Namun Sekda meminta pejabat baru adalah untuk melaksanakan sesuai dengan tugas, pokok dan fungsi yang melekat dalam organisasi Majelis Rakyat Papua (MRP).

Hal lainnya yang perlu dicatat semua pihak di tanah Papua, sampai hari ini peraturan pemerintah merupakan break down tentang UU No 21 Tahun 2001, baru satu peraturan pemerintah yaitu peraturan pemerintah No 54 tahun 2004 tentang Majelis Rakyat Papua (MRP).

“Pertanyaannya adalah, apakah ini keseriusan pemerintah pusat dalam menerapkan UU Otsus ini ataukah tidak proaktifnya kita semua, untuk bagaimana peraturan pemerintah itu harus ada dan bisa diaplikasikan,” paparnya.

Lanjutnya, UU Otsus ibarat sebuah permen yang diberikan oleh Jakarta kepada rakyat Papua seakan membujuk anak kecil yang sedang menangis. “Itulah sebabnya, di dalam kepemimpinan Gubernur Lukas Enembe dan Wakil Gubernur Klemen Tinal, mencoba untuk mengemas bersama semua stakeholder, MRP, DPRP, dan instansi vertikal lainnya. “Kita mencoba mengemas rancangan UU Otsus bagi tanah Papua yang harus direvisi secara total,” bebernya.

Dikatakan, itu juga menjadi tanggungjawab bagi MRP. Di akhir masa jabatan, MRP harus bekerjakeras untuk mengkomunikasikan hal tersebut dengan Pemerintah Pusat dalam hal ini Kemendagri untuk mendapatkan petunjuk lebih lanjut.

“Sehingga tugas dan tanggungjawab sepenuhnya ada di pak sekretaris yang baru. Horizontal maupun  diagonal, yang penting adalah pelayanannya terhadap para pimpinan dan anggota MRP, juga bagaimana menghimpun seluruh staf ini agar bisa bekerjasama dengan baik,” terangnya.

Sekretaris MRP, Wasuok Siep mengatakan, kehadiran pihaknya adalah guna membantu kinerja dari pimpinan dan anggota MRP dalam rangka pembenahan sistem kerja yang telah dirintis oleh pejabat sebelumnya.
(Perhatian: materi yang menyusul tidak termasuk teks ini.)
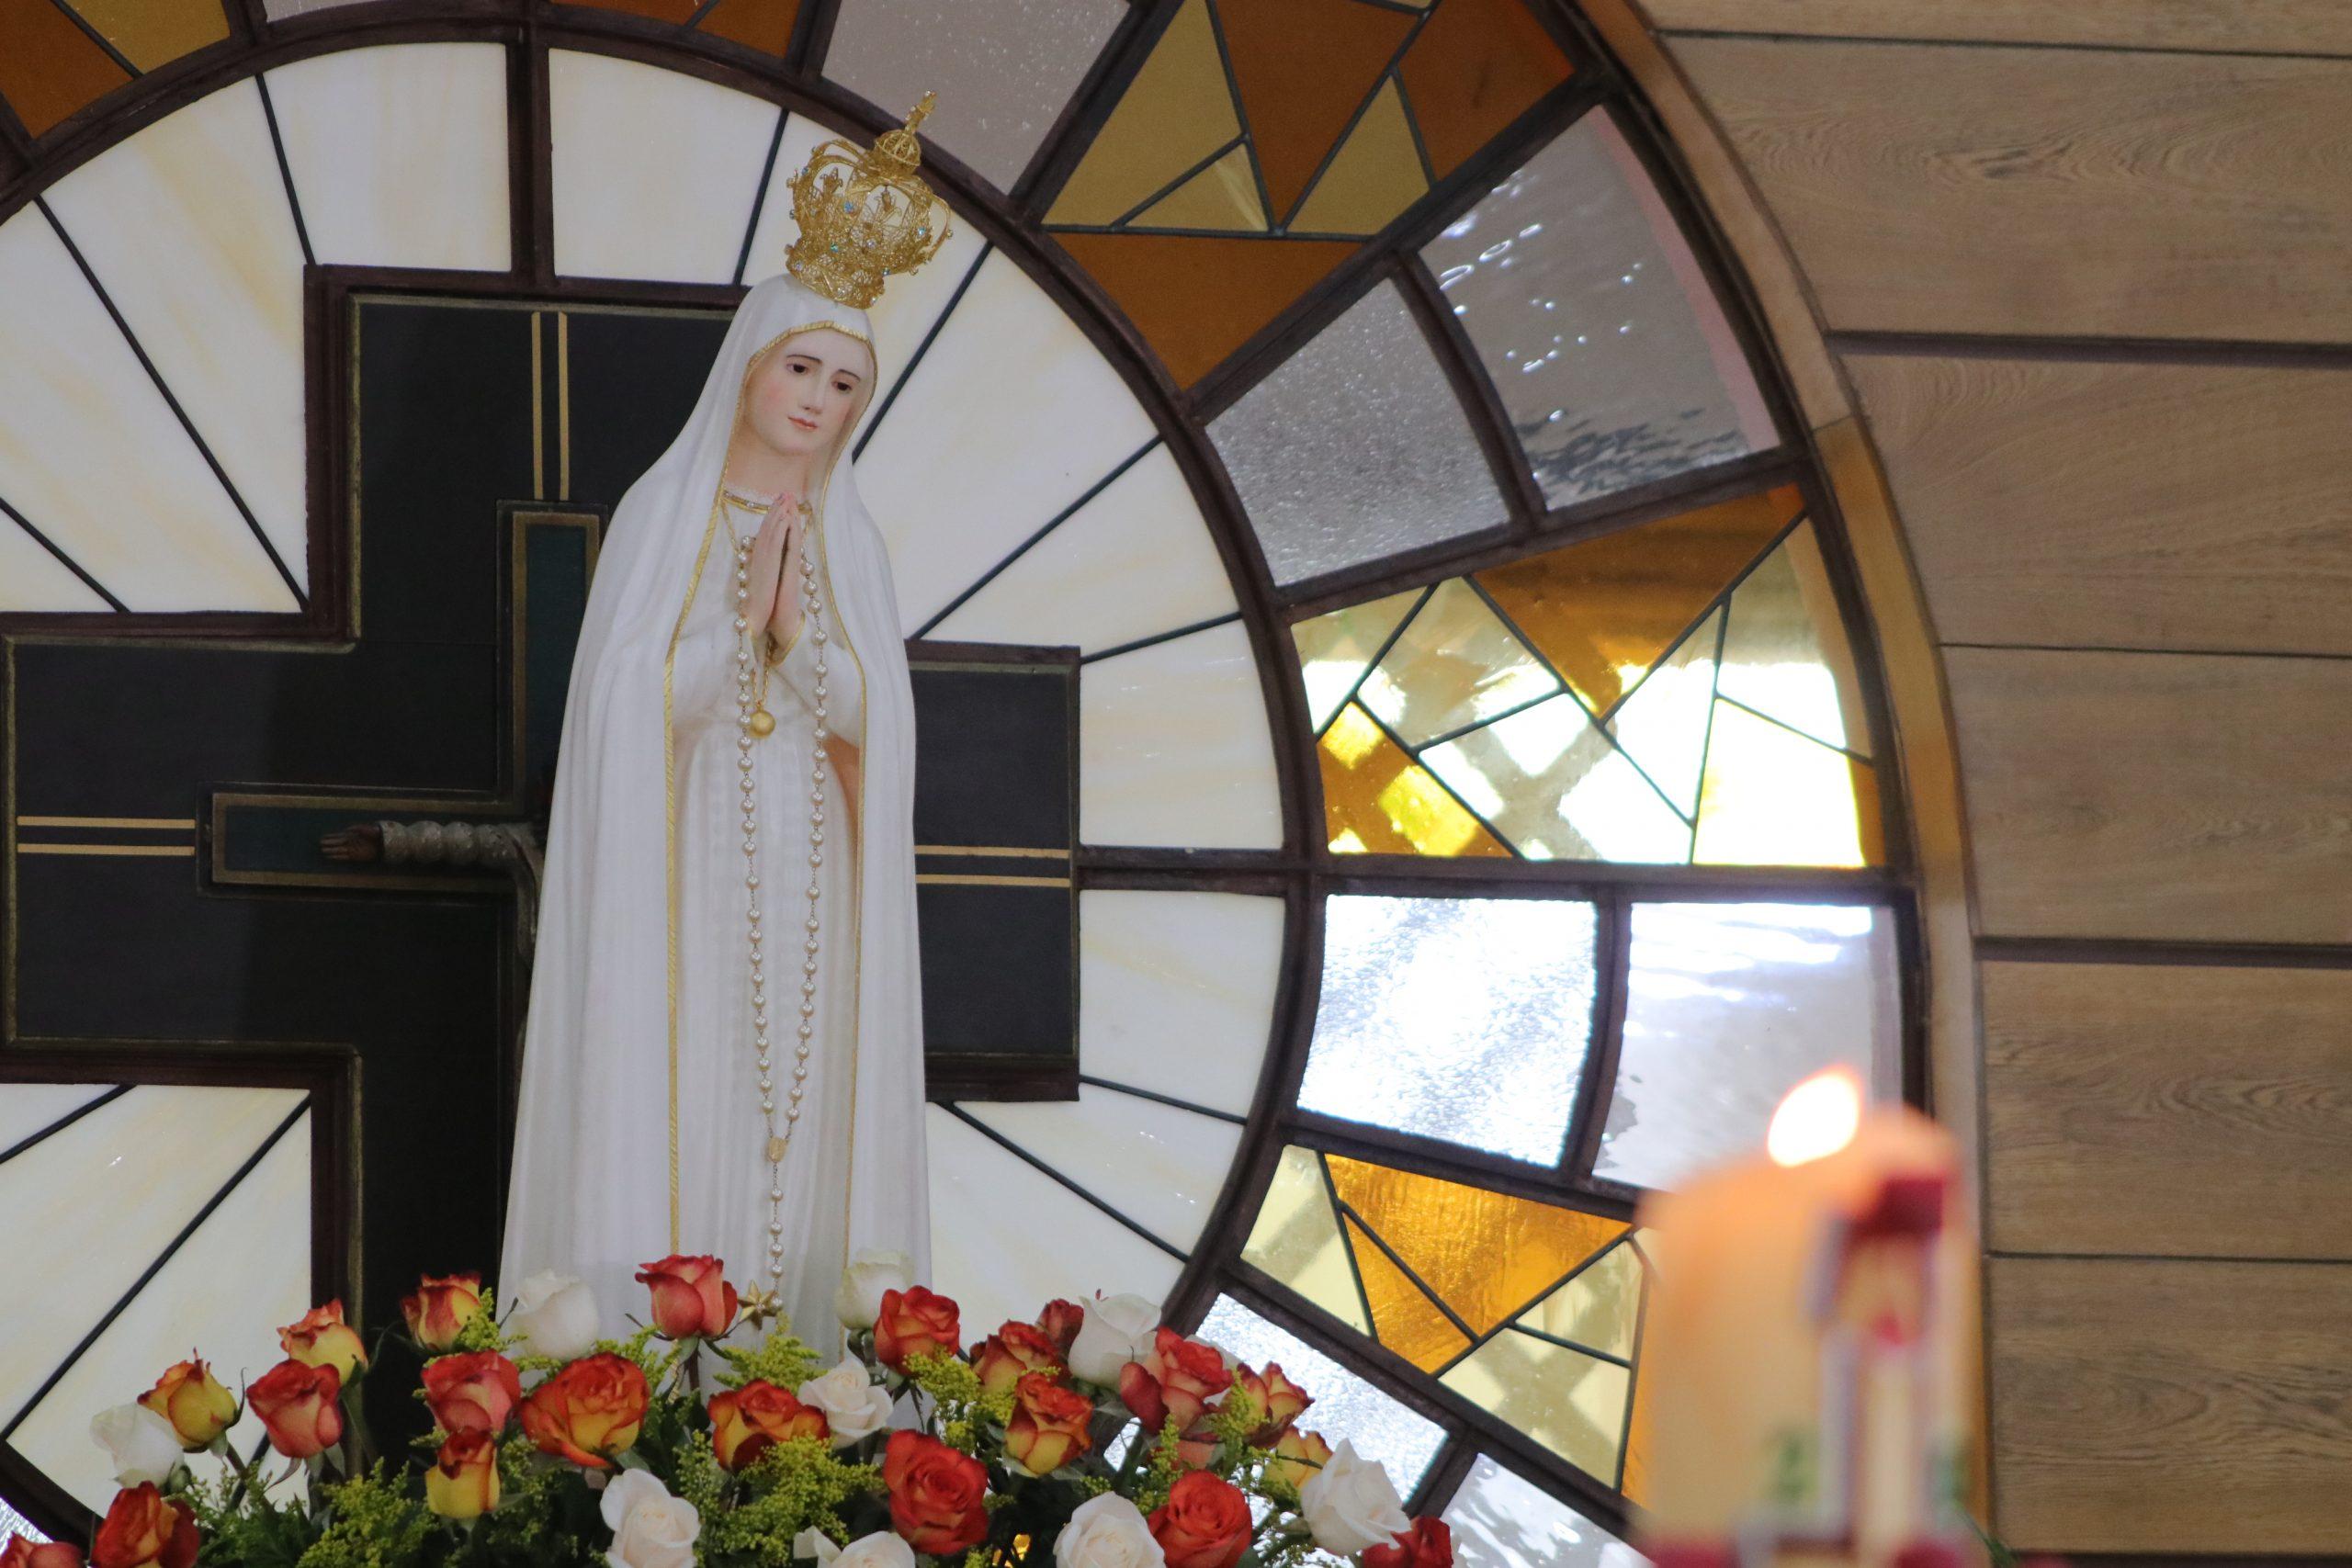 Los dones que recibimos de María Santísima debemos compartirlos con los más necesitados

“Tugas utama adalah kita melayani pimpinan MRP. Kami bukan pimpinan, tapi kami adalah staf yang harus menghormati kepada pimpinan dan anggota MRP yang membutuhkan pelayanan,” jelas Siep.

Langkah pertama yang akan dilakukan pihaknya adalah menggelar pertemuan dengan pimpinan dan staf, sekaligus mendengarkan apa saja yang harus dikerjakan ke depan.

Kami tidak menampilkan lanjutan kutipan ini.